For 2011, total wages for the DRBA is approximately $27,993,000, an overall reduction of more than $700,000 compared to the 2010 budget figure.    The DRBA estimates it will pay $2.9 for vessel fuel in 2011, an increase of 9% compared to 2010.  The agency also anticipates that two Cape May – Lewes Ferry vessels will be dry-docked, up from one vessel in 2010, which will increase that budget line by $225,000.

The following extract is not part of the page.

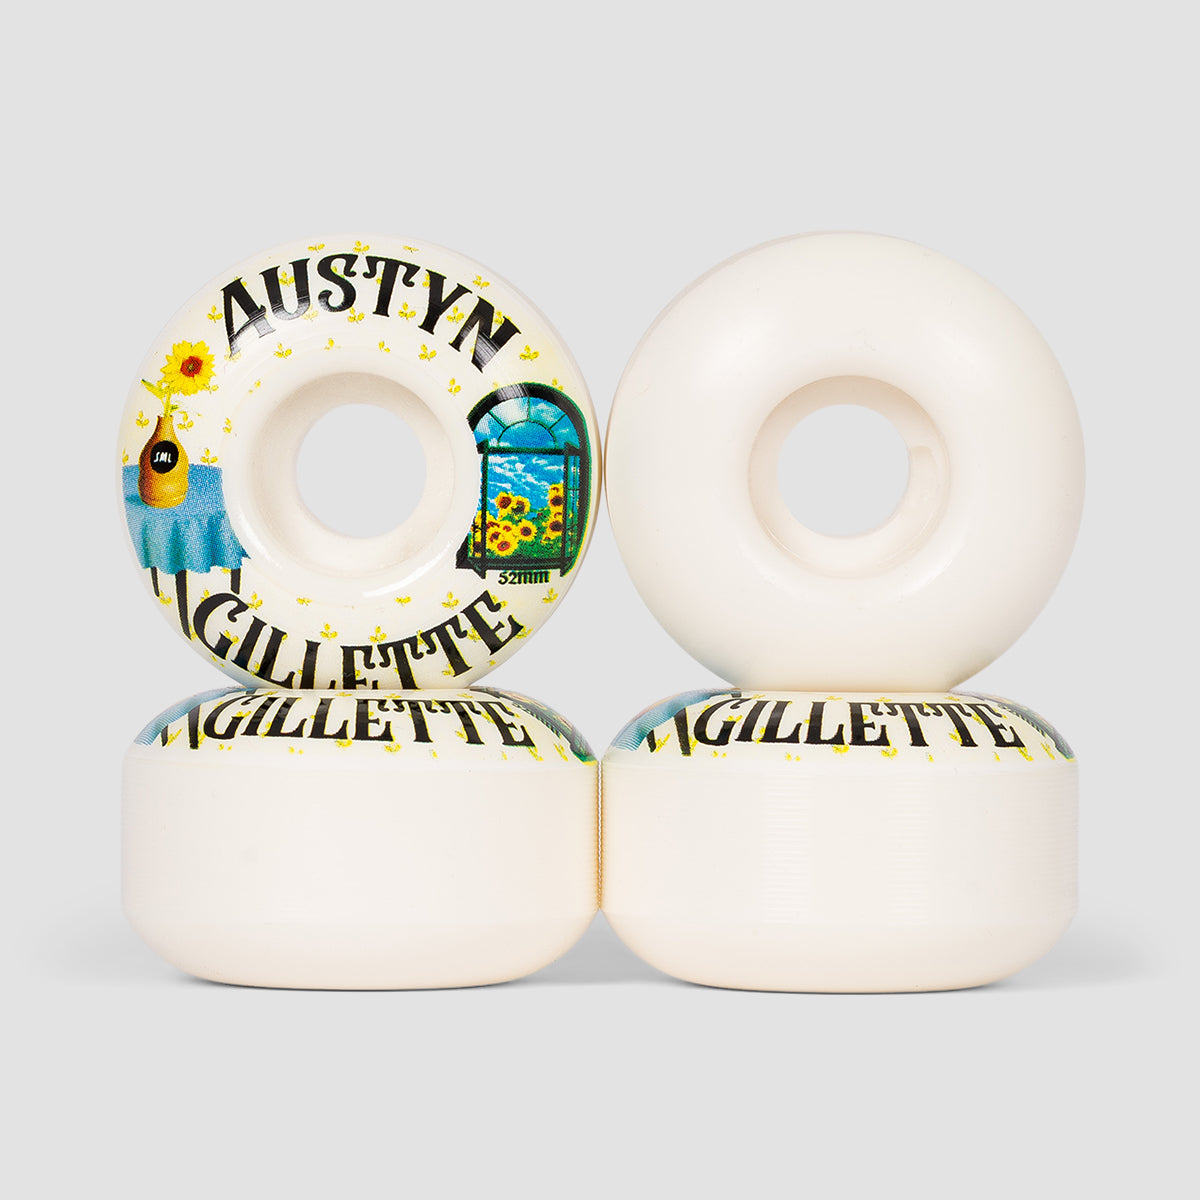 SML Still Life Series Austyn Gillette OG Wide 99A Skateboard Wheels 52mm

The Authority also funded an additional 10% of its OPEB liability, or $1.34 million, compared to the 2010 spending plan. In 2011, the DRBA has budgeted $6.24 million, which represents 70% of the OPEB liability that will be funded over a seven year period. “The Governmental Accounting Standards Board (GASB) standard addresses how state and local governments should account for and report their costs and obligations related to post employment healthcare and other non-pension benefits, commonly referred to as OPEB,” Ferzetti said.  “While this GASB accounting rule does not require the funding of these future liabilities, the DRBA has developed a proactive and prudent financial plan to account for and fund our future obligations.”

In 2011, the DRBA is expected to generate about $100 million, excluding its Airport operations and Economic Development facilities, and will make debt service payments of approximately $22 million. More than 75 percent of the Authority’s revenues are derived from tolls paid at the Delaware Memorial Bridge.